Идет частый и теплый дождь. Тропический дождь, он будет лить часами, днями. Он обрушивается на пальмы, на частый бамбук, словно море — на гребень подводной скалы. Я спотыкаюсь, падаю в ямы, петляю, я не понимаю, где нахожусь. Совсем одурел. Мир обрушивается на меня, как приговор. Я бреду в ночи, шатаясь от усталости. Постепенно все возвращается в свою колею. В конце концов, терять больше нечего.

Я настолько раздавлен, что не могу понять, как я еще существую. Я — совершенный мертвец. Раздавленная пустота... Итак, решено, больше я не дергаюсь. Вода по колено, и такой ветер, конец света! Растворюсь, как ком земли, в этом негритянском хаосе! я — лишайник, кальмар, ободранная кора в потоке времени. Ноль. Никуда больше не пойду! Я — пень, шорох жабы, черная пустота, ничто. Ничто.

Что надо еще, чтобы удержать себя? сердце... оно сопротивляется. Именно оно и мешает. И разум, который не перестает задавать вопросы. Так что же мне не ясно? трудно сказать — какой-то очень важный вопрос на невнятном языке, тяжелый, как лезвие гильотины. Возможно, я и впрямь не здесь. Ошибся жизнью! Не у себя, это уж точно... Молчать! Вопрос входит в меня, как поезд, сошедший с рельсов.

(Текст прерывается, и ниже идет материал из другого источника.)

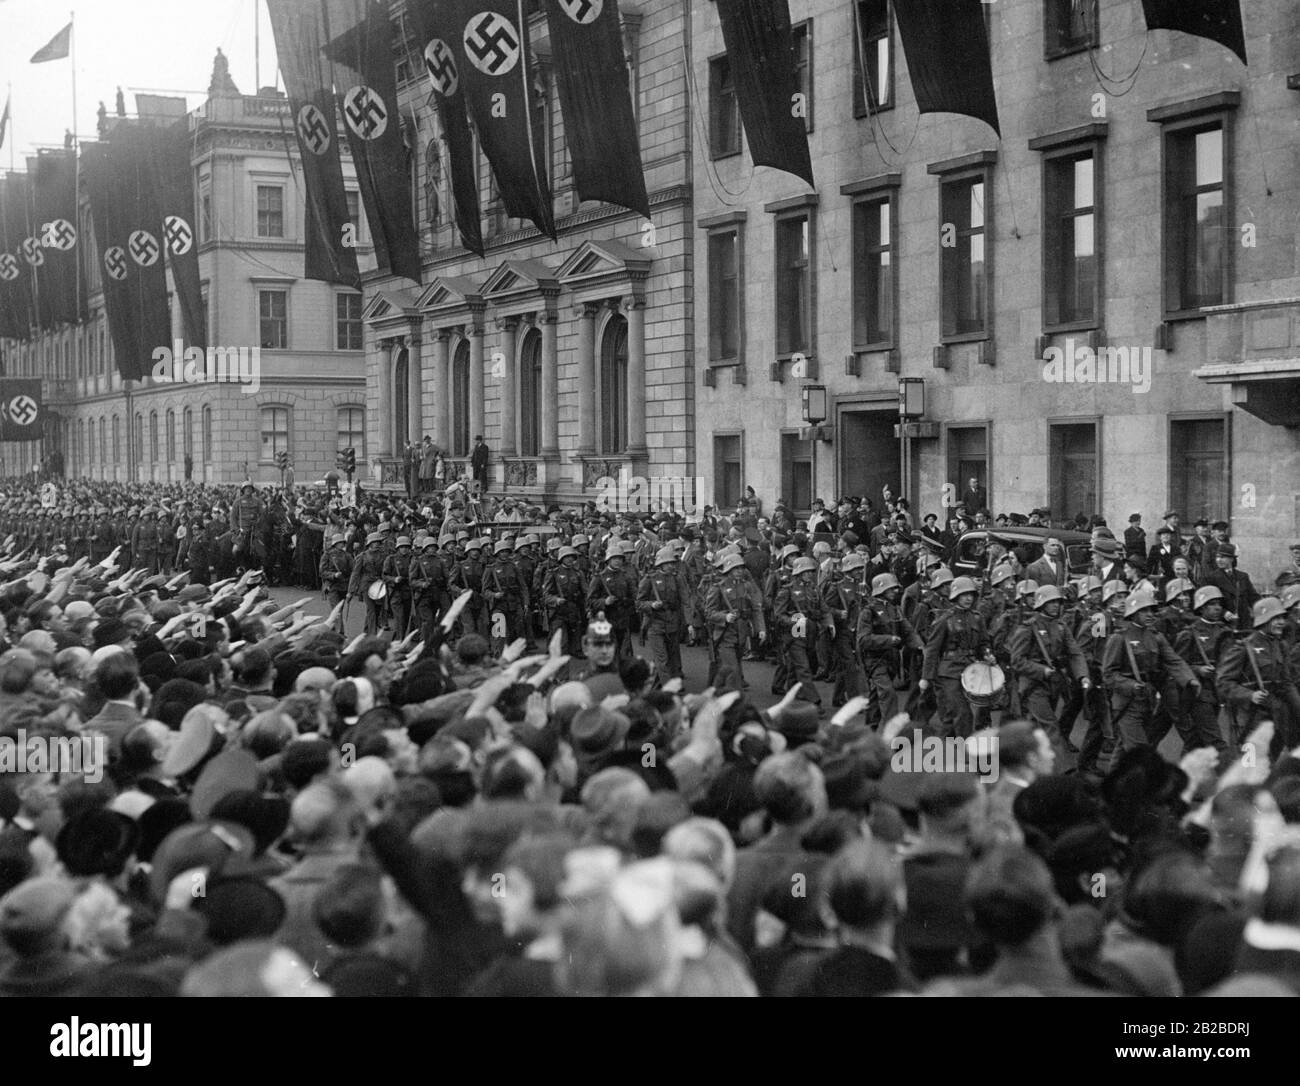 Das Wiener Infanterie-Bataillon wird in Berlin feierlich empfangen. Passanten durchmachen den Straßenrand und machen den Nazi-Salut. Hakenkreuzfahnen werden an den Gebäuden gehisst. Das Bataillon passiert die neue Reichskanzlei. Stockfoto

Давай, Иов, вставай! Эта минута невыносима. Она не существует, не су-щест-ву-ет. Ты спятил. Шагай и убей врага! Шагай, ты устанешь, это скоро придет. Нужно жить, чтобы перейти на другую сторону, иначе придется отложить все еще на несколько жизней. Шагай, брат! Не стой на месте, как пень. Впрочем, возможно, это ошибка. Жизнь наладится. Ты вернешься к себе, повсюду будет свет, тебе выдадут белые одежды, будет праздник до слез от радости.

Так давай же, вперед, ты смотришь на себя так, что твое смятение не может долго продолжаться. Ты будешь хохотать над собой, ты разделишь себя пополам, и другой, твой ложный брат, останется на земле! Так шагай же, глупец! Только правильно выбирай; красные обезьяны — это не шутка. Ты здесь в театре. А истина — в другом месте.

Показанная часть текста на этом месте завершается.